Useful properties: is rich in vegetable protein and phosphorus, zinc, iron and calcium. It contains fiber, minerals and healthy fats.

How to use: to cook porridge, add boiled rump in salads.

Ingredients:

  • 300 grams of quinoa;
  • 500 grams of mushrooms;
  • 1 leek;
  • 1 bell pepper;
  • 5 stems of wild garlic or garlic cloves 2;
  • 1 tablespoon fish sauce;
  • 2 tablespoons of soy sauce;
  • vegetable oil;
  • black pepper.

Preparation:

Decoction of quinoa. Will cut finely the onion half-rings and pepper, mushrooms - plates. Wild garlic or garlic grind. Heat the wok over high heat, pour oil. Sauté the onions, followed by pepper, mushrooms and garlic. Fire away up until the water has evaporated from the mushrooms. Then add the fish and soy sauces and put in a pan movie.

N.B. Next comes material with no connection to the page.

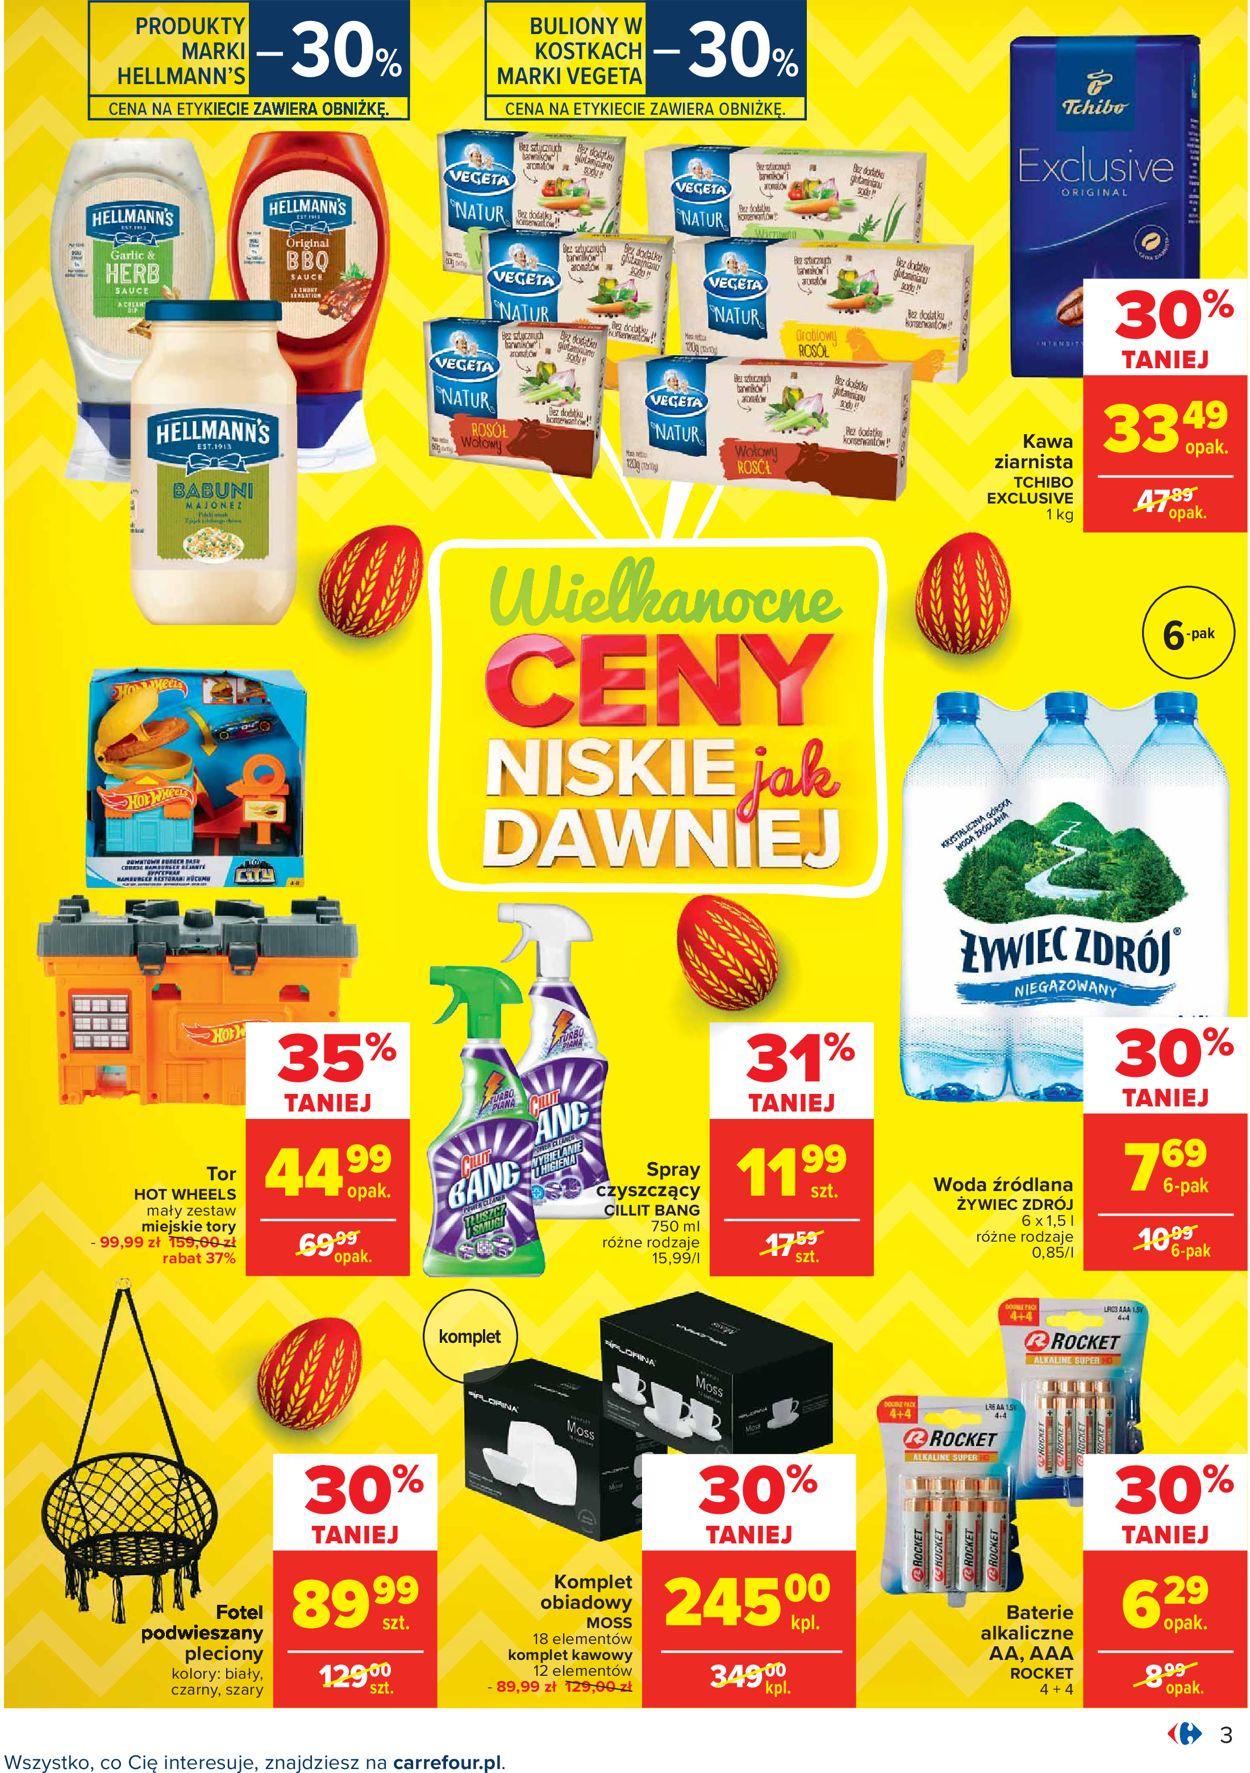 Gazetka promocyjna Carrefour Wielkanoc 2021! - 29.03-03.04.2021 (Strona 3)
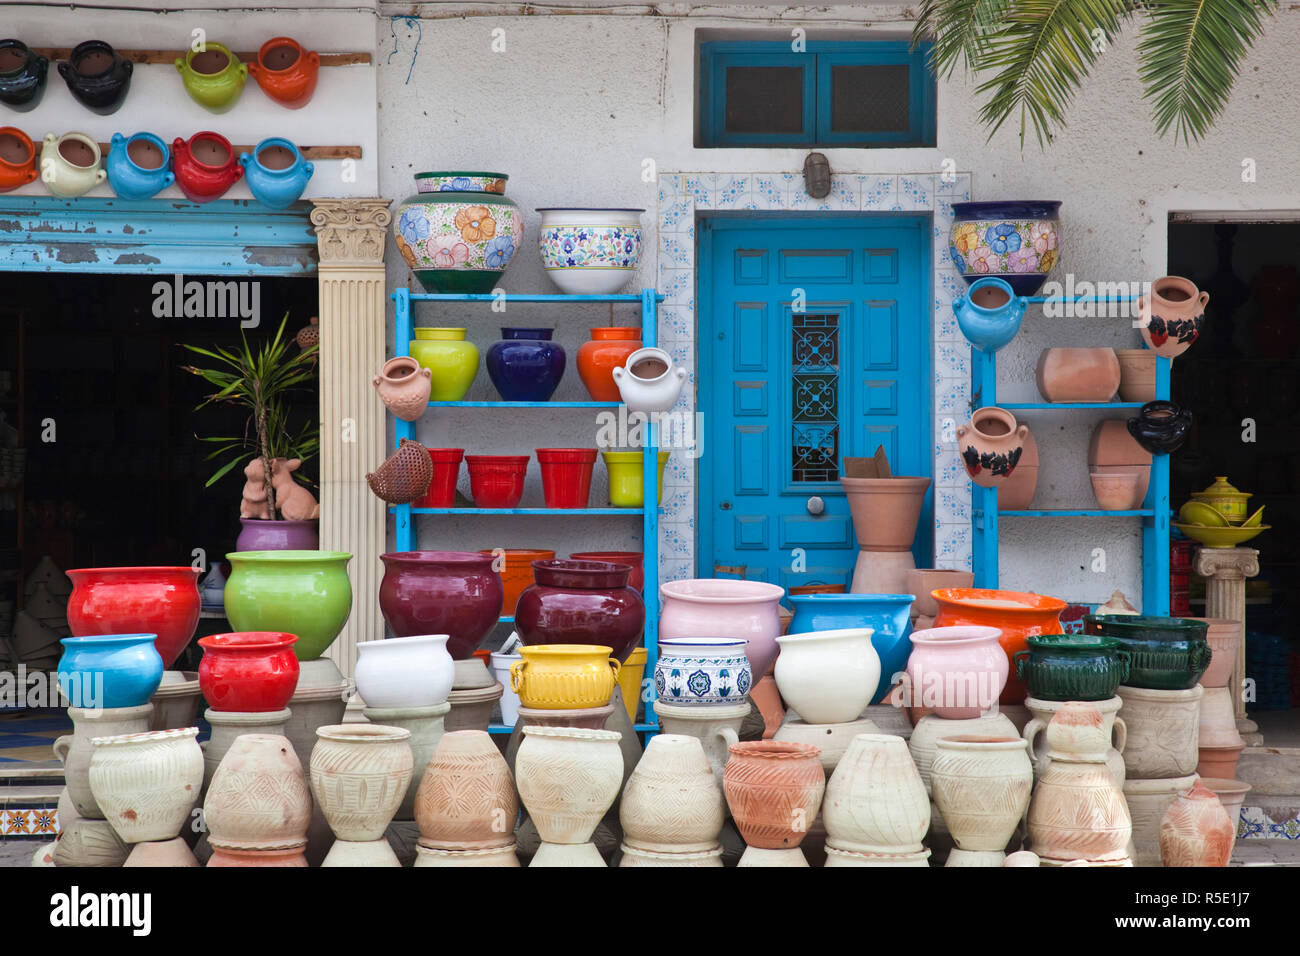 La Tunisie, le Cap Bon, Nabeul, plus grand centre céramique tunisienne, magasin de poterie Photo Stock

6. Toast with avocado, spinach and soybeans germinated

Superfud 6 recipes healthy breakfast and snacks

Superfud: avocado

Useful properties: source of healthy fats, carbohydrates, dietary fiber, protein, and oleic acid. It contains more vitamin B1 and B6 than all other fruits.

How to use: added to salads, desserts and sandwiches. It is used mostly in crude form.

Ingredients:

  • 2 slices of bread;
  • 1 avocado;
  • 6 spinach leaves;
  • 10 grams of germinated soybeans;
  • half a cup of lemon juice;
  • sea salt;
  • black pepper;
  • olive oil.

Preparation:

Fry in a toast a piece of bread, such as ciabatta dark. We shall cut strips of avocado. On top of the toast laid out avocado, salt, pepper, lemon juice fields. On the avocado carefully laid out the spinach, and the top handful of soybeans. Fields, olive oil and pepper.